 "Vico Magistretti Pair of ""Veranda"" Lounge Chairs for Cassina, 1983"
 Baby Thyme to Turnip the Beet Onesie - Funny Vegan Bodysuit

_ _ _ _ _

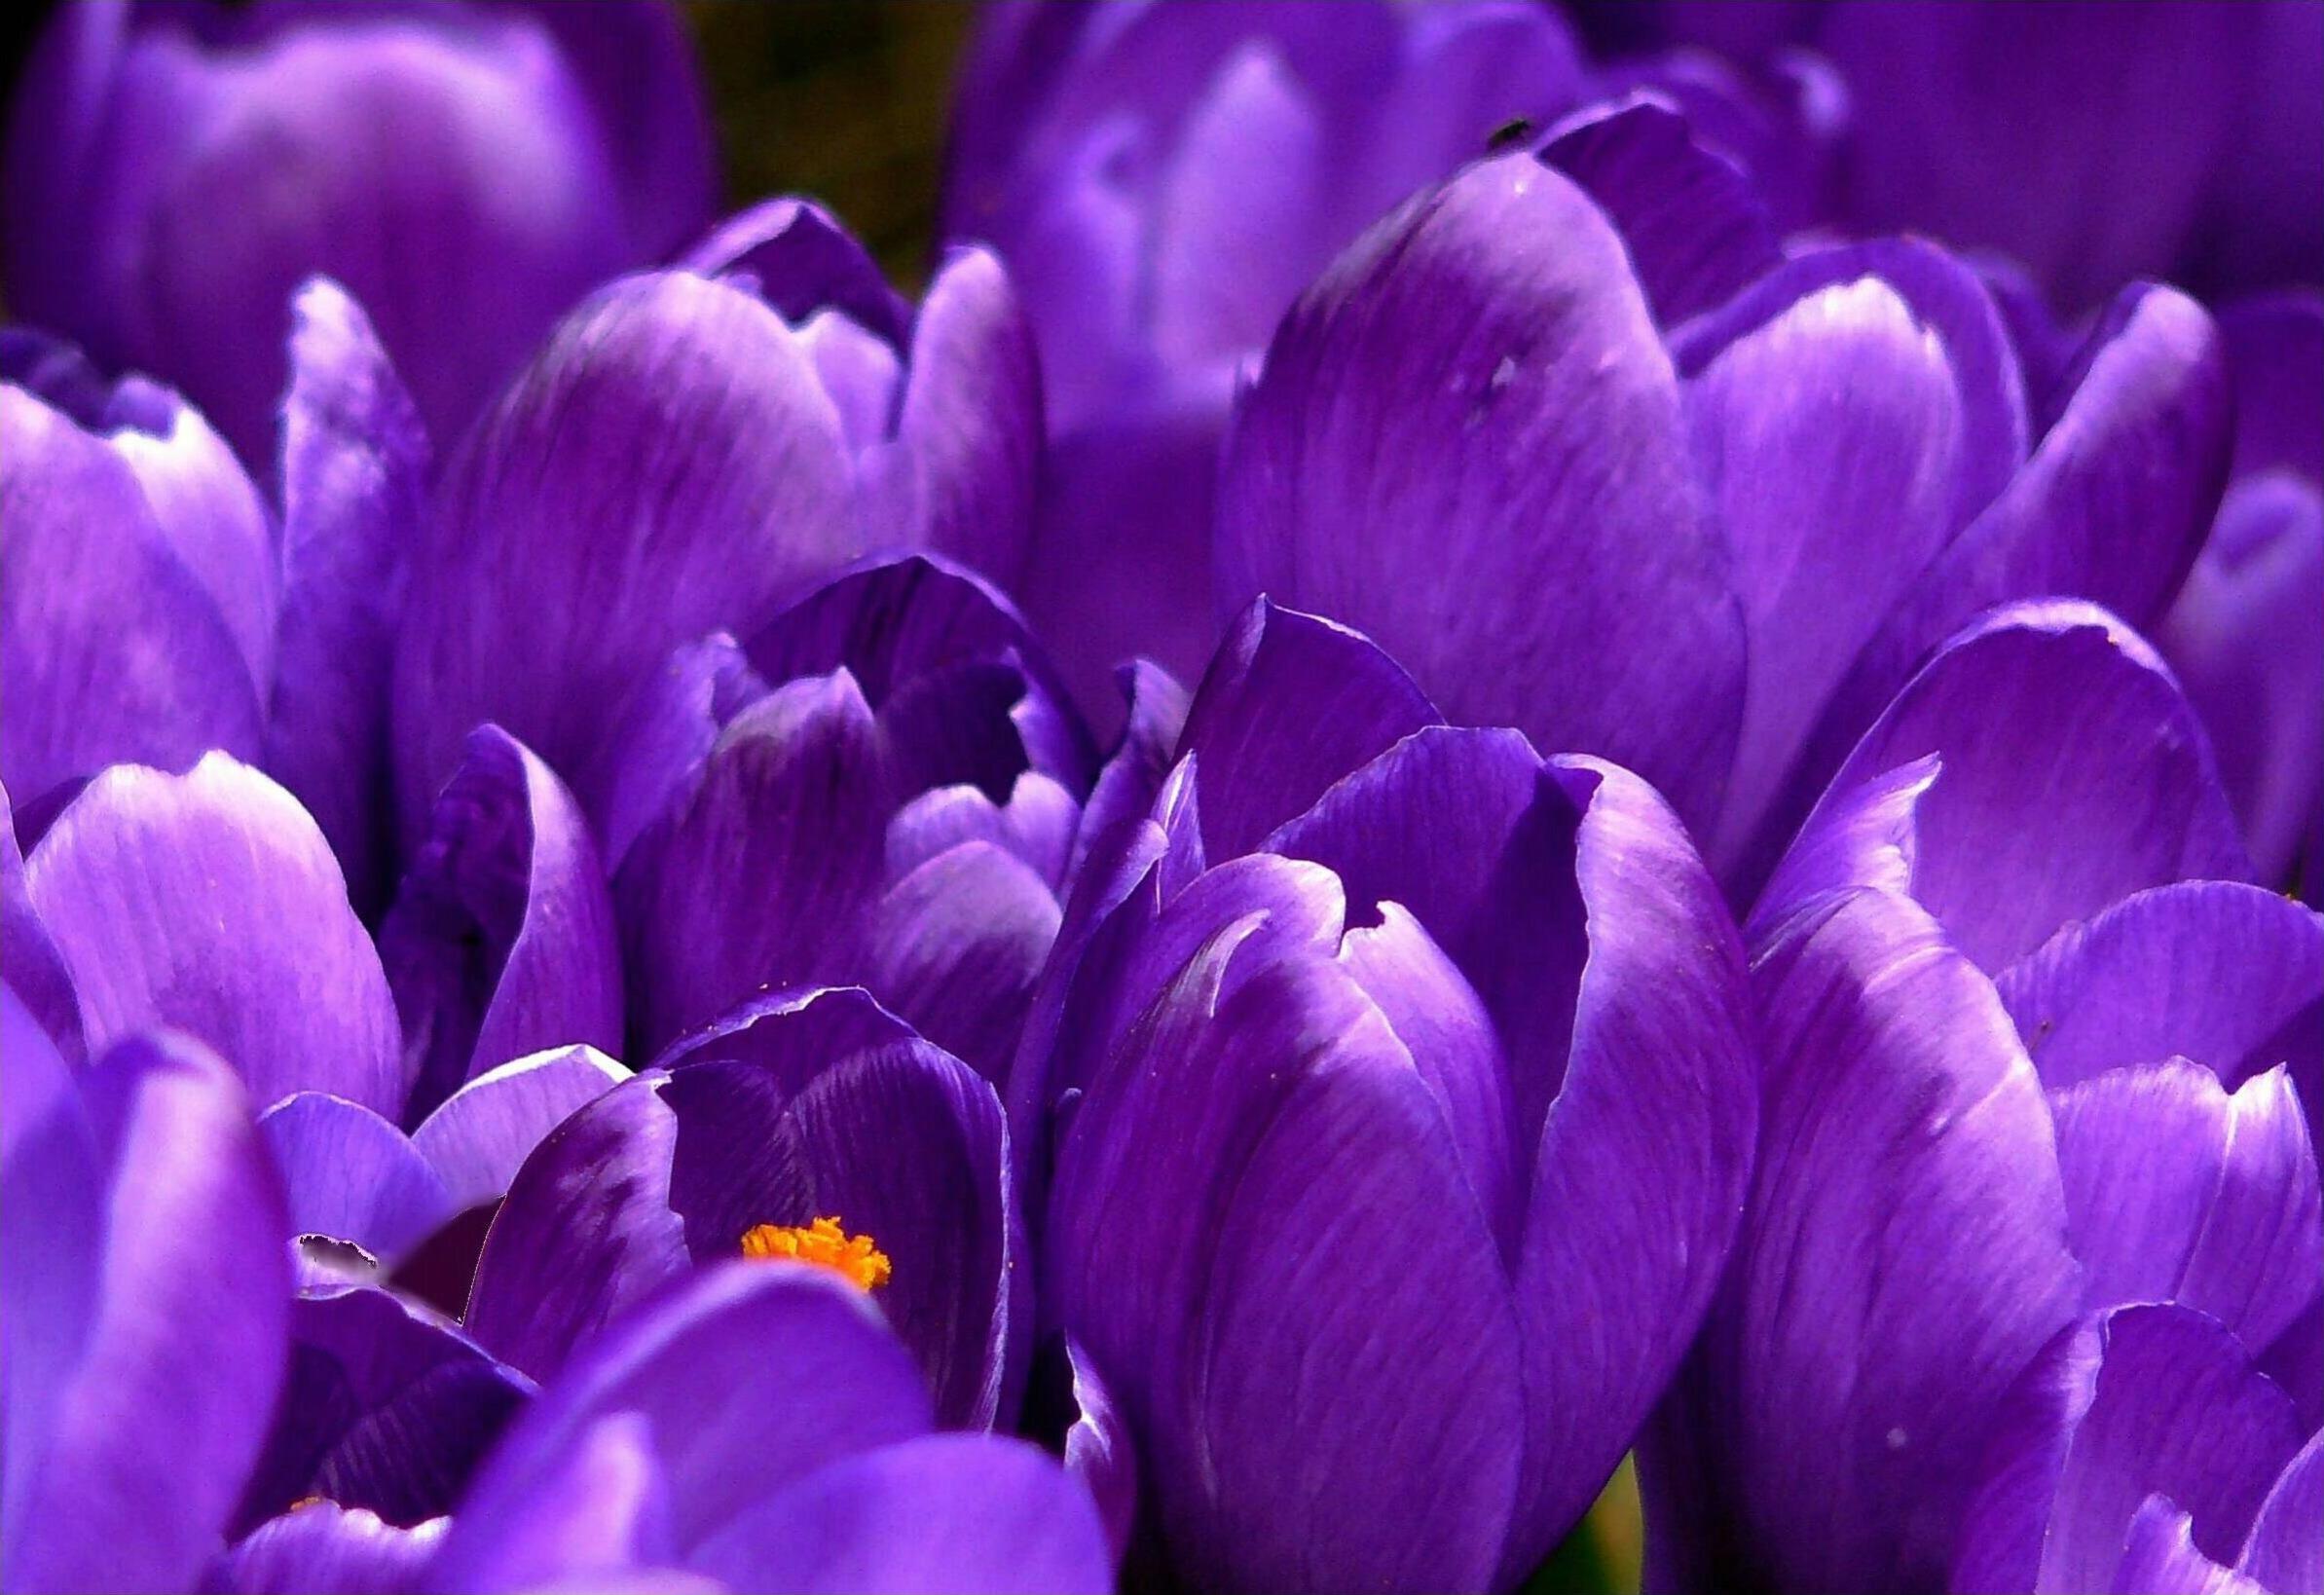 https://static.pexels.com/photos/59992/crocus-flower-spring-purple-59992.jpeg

_ _ _ _ _

* _WHAT YOU SHOULD DO_:
Copy exactly the stretch of data above from the line with "Magistretti Pair of" through the line with "Baby Thyme to", and omit all other lines.

* _WORKED SOLUTION_:
 "Vico Magistretti Pair of ""Veranda"" Lounge Chairs for Cassina, 1983"
 Baby Thyme to Turnip the Beet Onesie - Funny Vegan Bodysuit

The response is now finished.